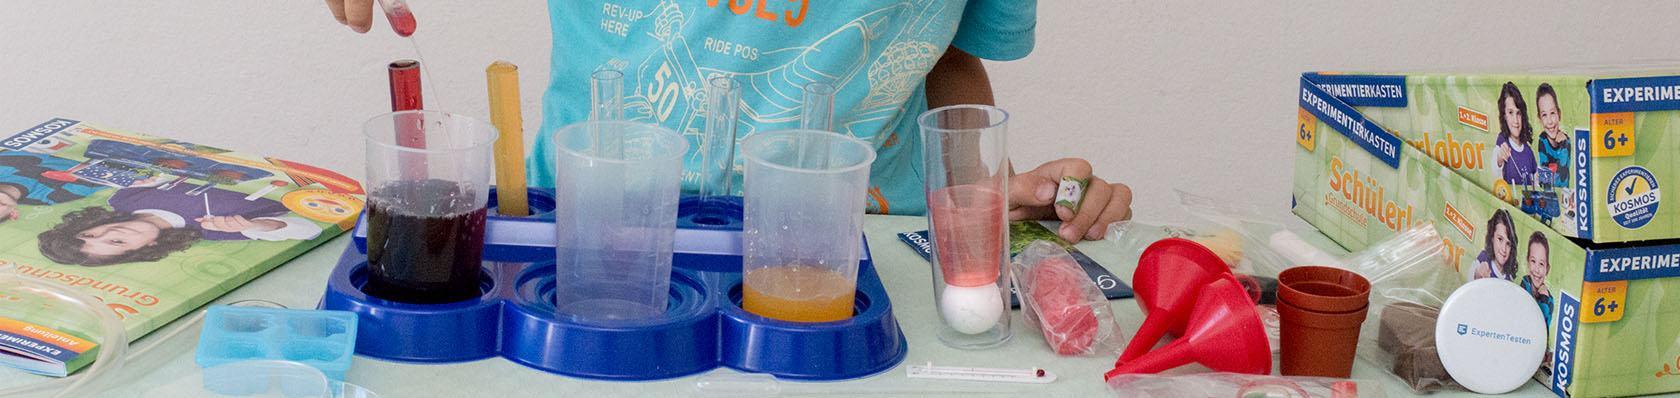 Chemiebaukästen im Test auf ExpertenTesten.de
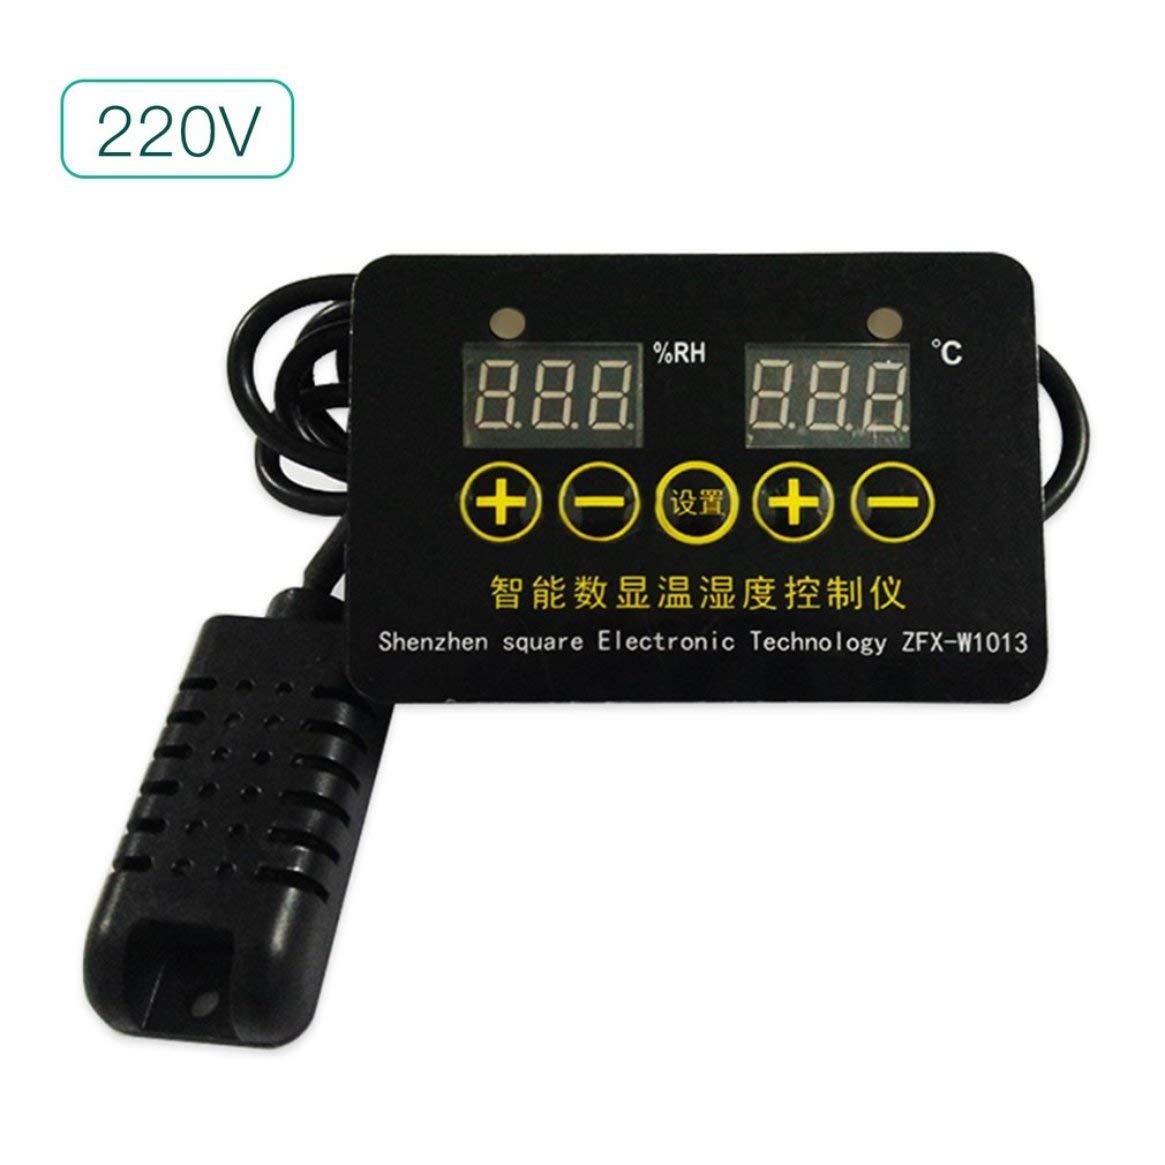 Controlador de Temperatura y Humedad Digital Inteligente Sensor de Sonda Tablero de Interruptor de Control de Temperatura Constante de Doble Propó sito Delicacydex
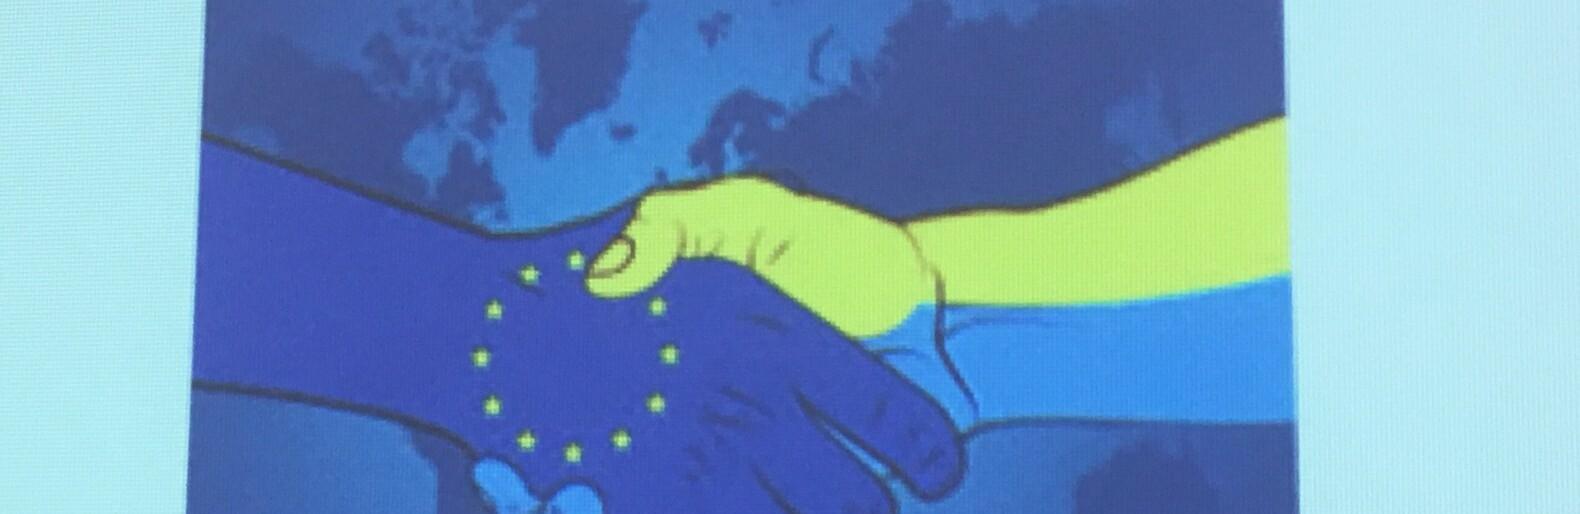 Кривой Рог готовится стать частью Изумрудной сети и выйти на европейский уровень по охране природы, - ФОТО
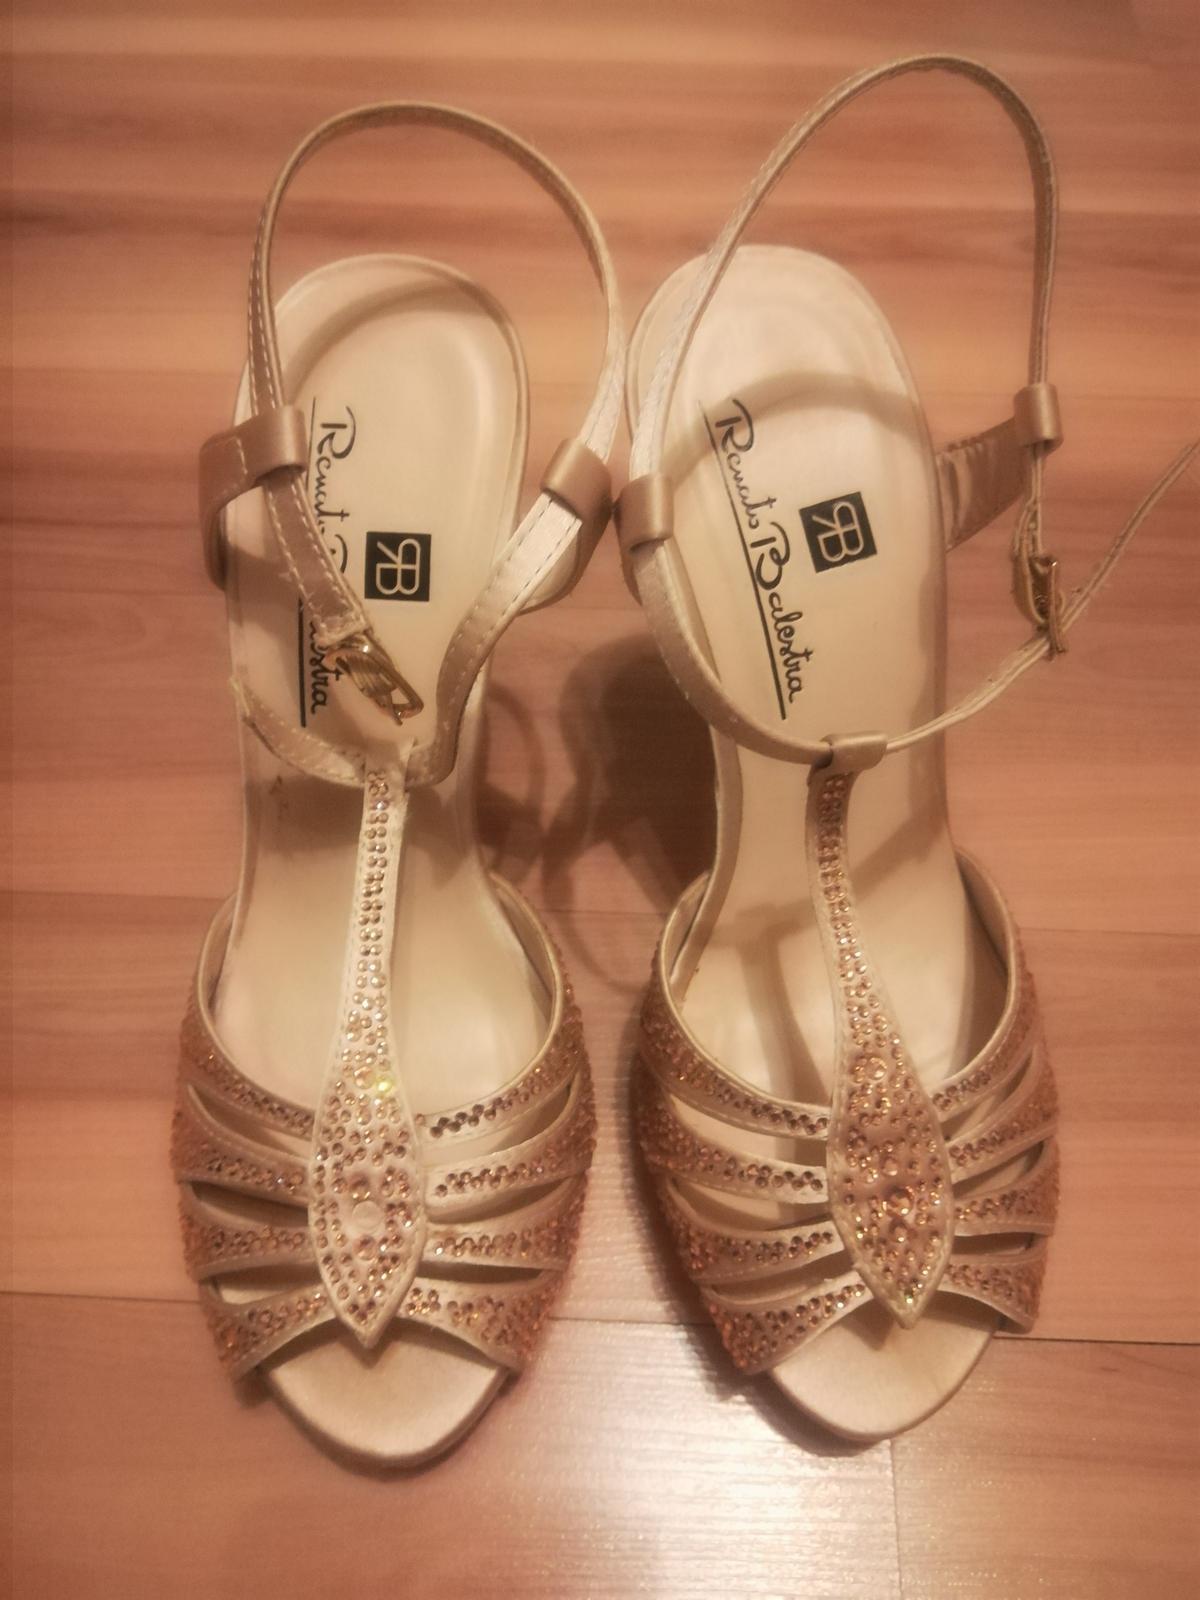 Kamienkove sandalky  - Obrázok č. 1

# WORK INSTRUCTION
Every line in the data above needs to be given again exactly, pictures aside.

# YOUR RESPONSE
 Chemiebaukästen im Test auf ExpertenTesten.de
 Controlador de Temperatura y Humedad Digital Inteligente Sensor de Sonda Tablero de Interruptor de Control de Temperatura Constante de Doble Propó sito Delicacydex
 Кривой Рог готовится стать частью Изумрудной сети и выйти на европейский уровень по охране природы, - ФОТО
 Kamienkove sandalky  - Obrázok č. 1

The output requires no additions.